Сильванские луны — страница 33 из 92

О. Если в этой ссоре была как-то замешана Луиза Руо, то даже удивительно, что Лорейн отделался так легко. Лексий не имел чести быть знакомым с этой девушкой лично, но наслушался о ней достаточно. Их с Элиасом бурный, противоречивый и, без сомнения, весьма мучительный роман трепал пылким влюблённым нервы уже полгода. Луиза или просто Лу работала официанткой в трактире у своего дяди; длинная, тощая, как жердь, стриженая едва не под ёжик, с огрубевшими от работы красными руками и вечно сварливым лицом, она отнюдь не была красавицей, да и норов у неё был как у необъезженной лошади – если не лягнёт, то укусит. «Кобылица молодая, честь степняцкого тавра», или как бишь там было у Пушкина… Тем не менее, все окрестные парни почему-то вились вокруг неё, как коты вокруг сметаны.

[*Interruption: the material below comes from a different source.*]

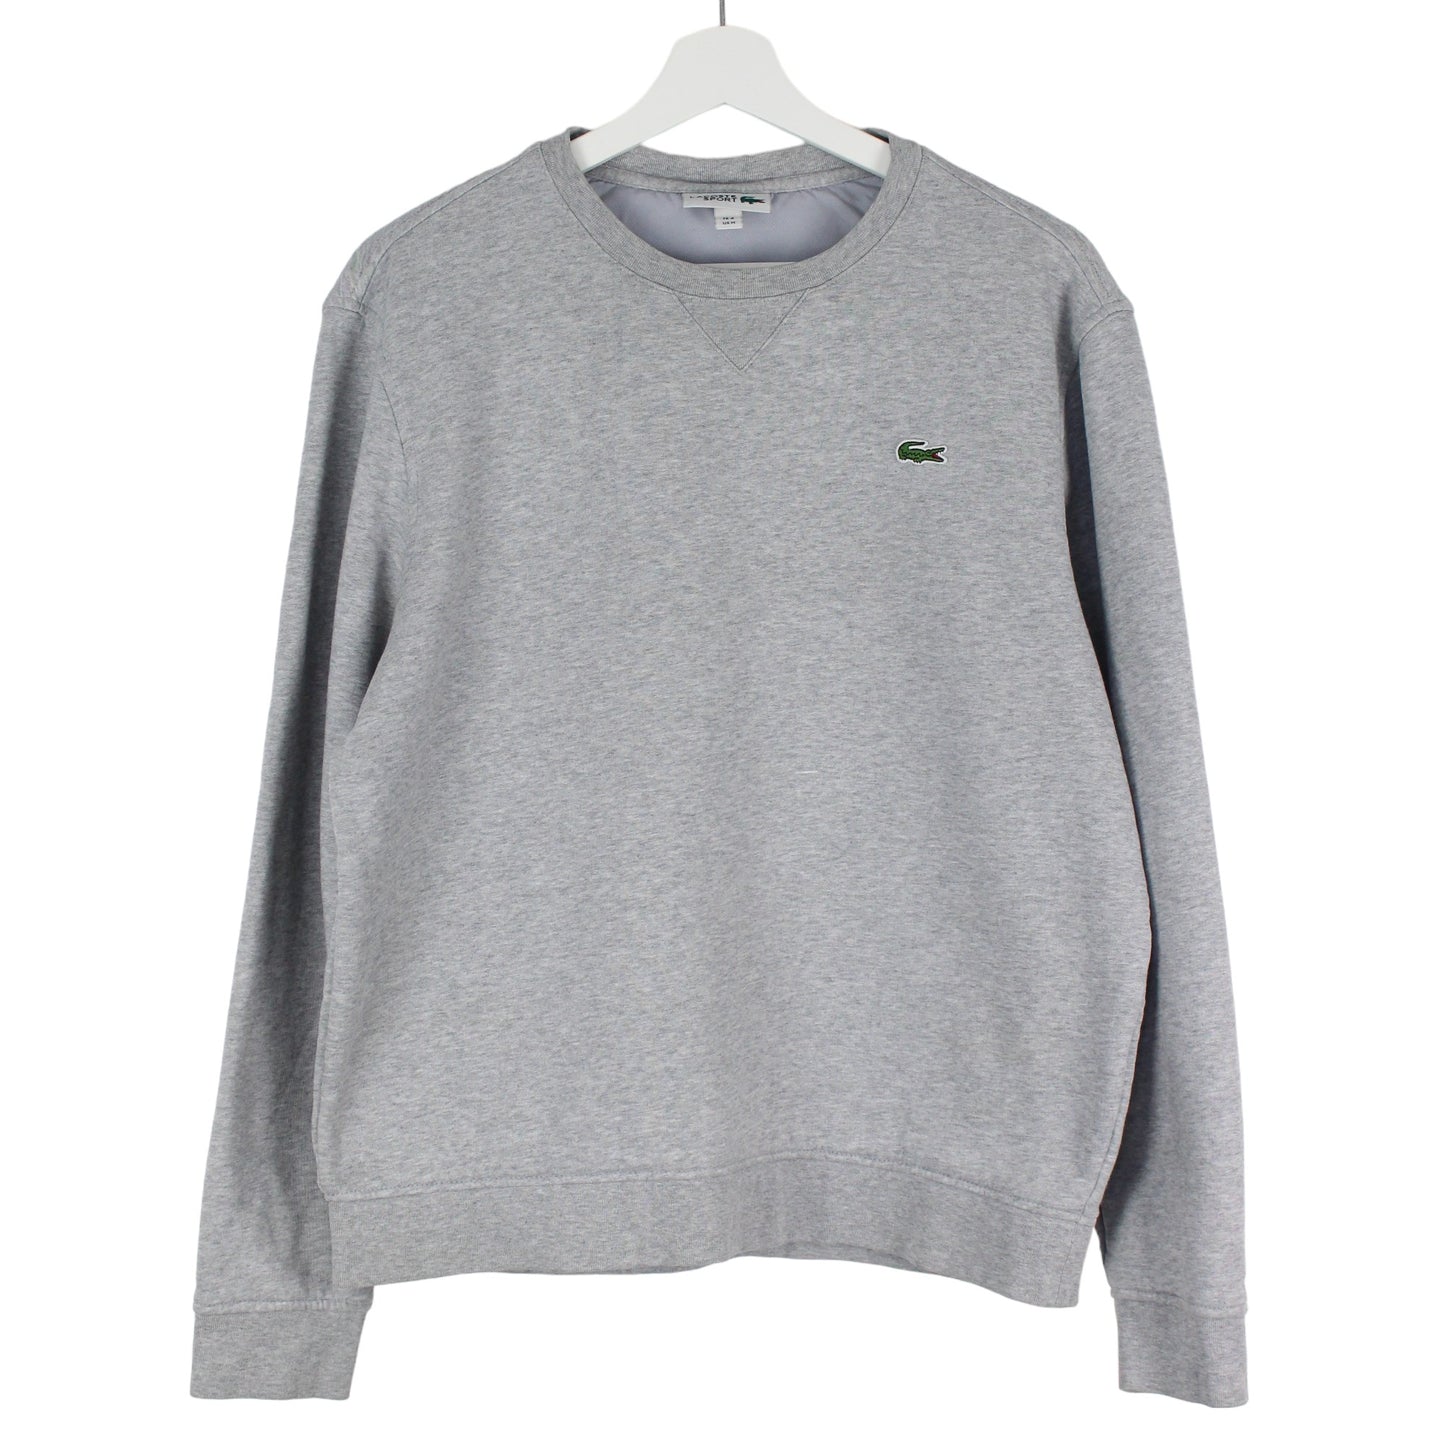 Lacoste Grey Sweatshirt (S)
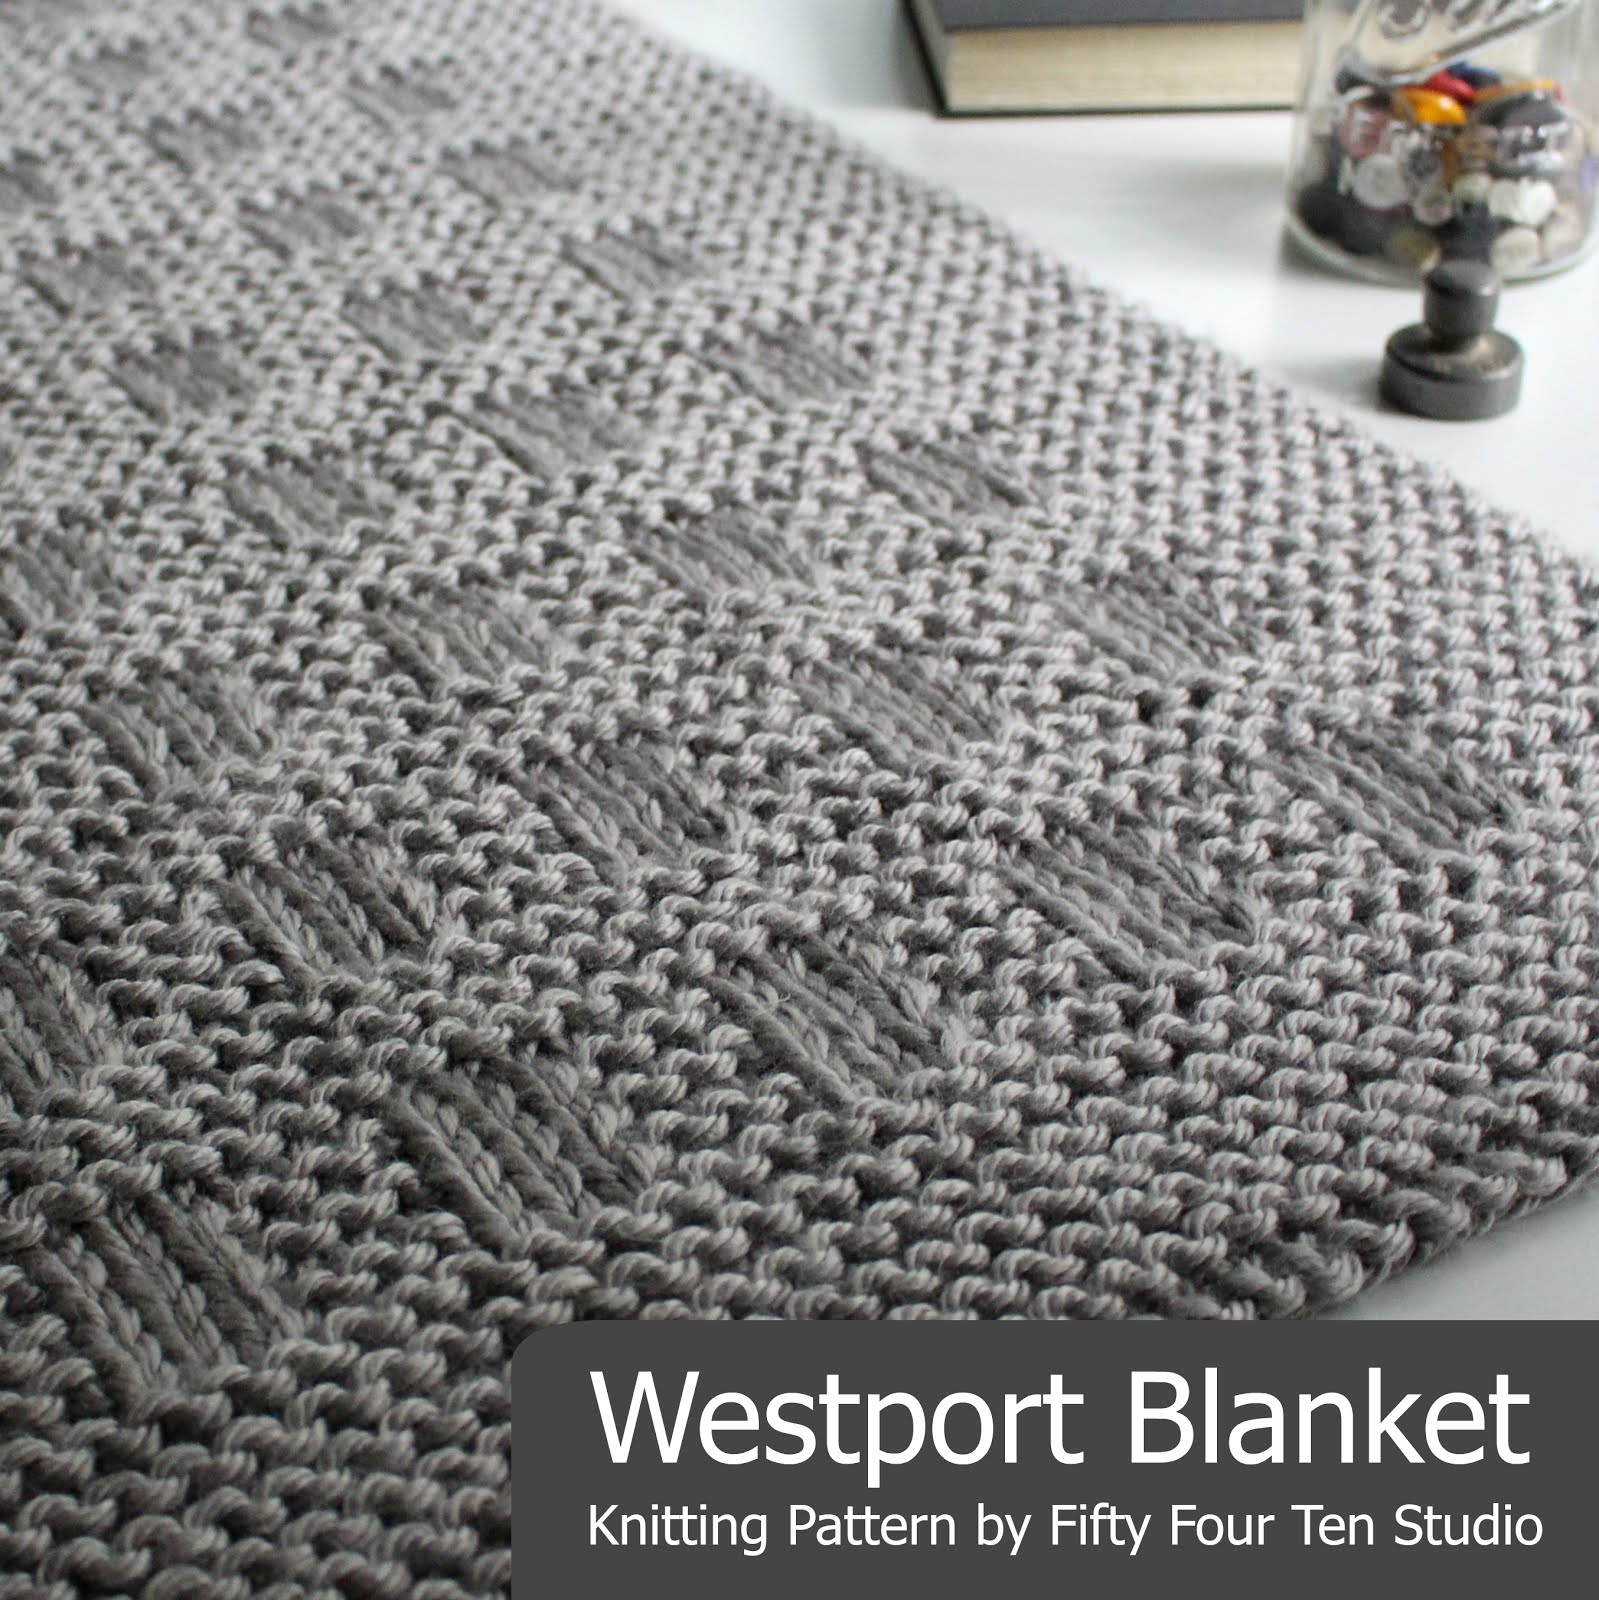 Super Easy Knit Baby Blanket Pattern Fifty Four Ten Studio Easy Blanket Knitting Patterns

Луиза смотрела на них на всех свысока и выбирала кого хотела. За неё дрались и ссорились насмерть, но чаще её поклонники сохраняли что-то вроде дружеской солидарности: в конце концов, сегодня в милости у Лу Руо окажешься ты, а завтра – кто-то другой…

Всё бы ничего, но Элиас хотел быть её единственным.

Они двое друг друга ненавидели, это было бы ясно и слепому. К сожалению, это не меняло того факта, что они были друг в друга жгуче, безудержно влюблены. Катуллу с его Лесбией и не снился такой накал страстей. Иногда люди не могут быть вместе потому, что они слишком разные; тут проблема была прямо противоположной – Элиас и Лу были слишком уж похожи. Упрямые, гордые, в любой момент готовые вспыхнуть, как порох, они никак не могли притереться друг к другу и вечно бились острыми углами. Нашла коса на камень…

Они сами не сумели бы сказать, сколько раз они расходились – причём неизменно веря, что уж теперь-то это навсегда. Не тут-то было: каждый раз их снова притягивало друг к другу. Элиас распугивал прочих поклонников дамы сердца всем известной готовностью без колебаний сломать кому-нибудь пару костей и туманно-угрожающими намёками на некие заклинания, после которых его конкурентам женщины будут уже вообще ни к чему. Элиас предъявлял на Луизу права, которых у него, конечно же, не было, и называл её такими словами, которыми ни один порядочный человек не назвал бы ни свою возлюбленную, ни чужую. В ответ Луиза закатывала горе-кавалеру скандалы и с треском выгоняла его из дядиного трактира, а один раз Элиас всерьёз рисковал жизнью и здоровьем, потому что у его возлюбленной в руках невовремя оказался тесак для разделки мяса. Ещё немного, и Тарни пришлось бы приделывать на место отрубленные конечности – хотя он, наверное, сумел бы. Для юноши с внешностью человека, способного упасть в обморок от вида крови, он поразительно быстро делал успехи в изучении медицины.

В общем, с «укороченной уздой» у Элиаса явно не задалось, и у его товарищей были все основания опасаться, что эта кобылица рано или поздно копытом разобьёт ему голову – или сердце, тут уж как повезёт…

– Ого. У вас с Лу Руо всё настолько серьёзно? – притворно удивился Ларс.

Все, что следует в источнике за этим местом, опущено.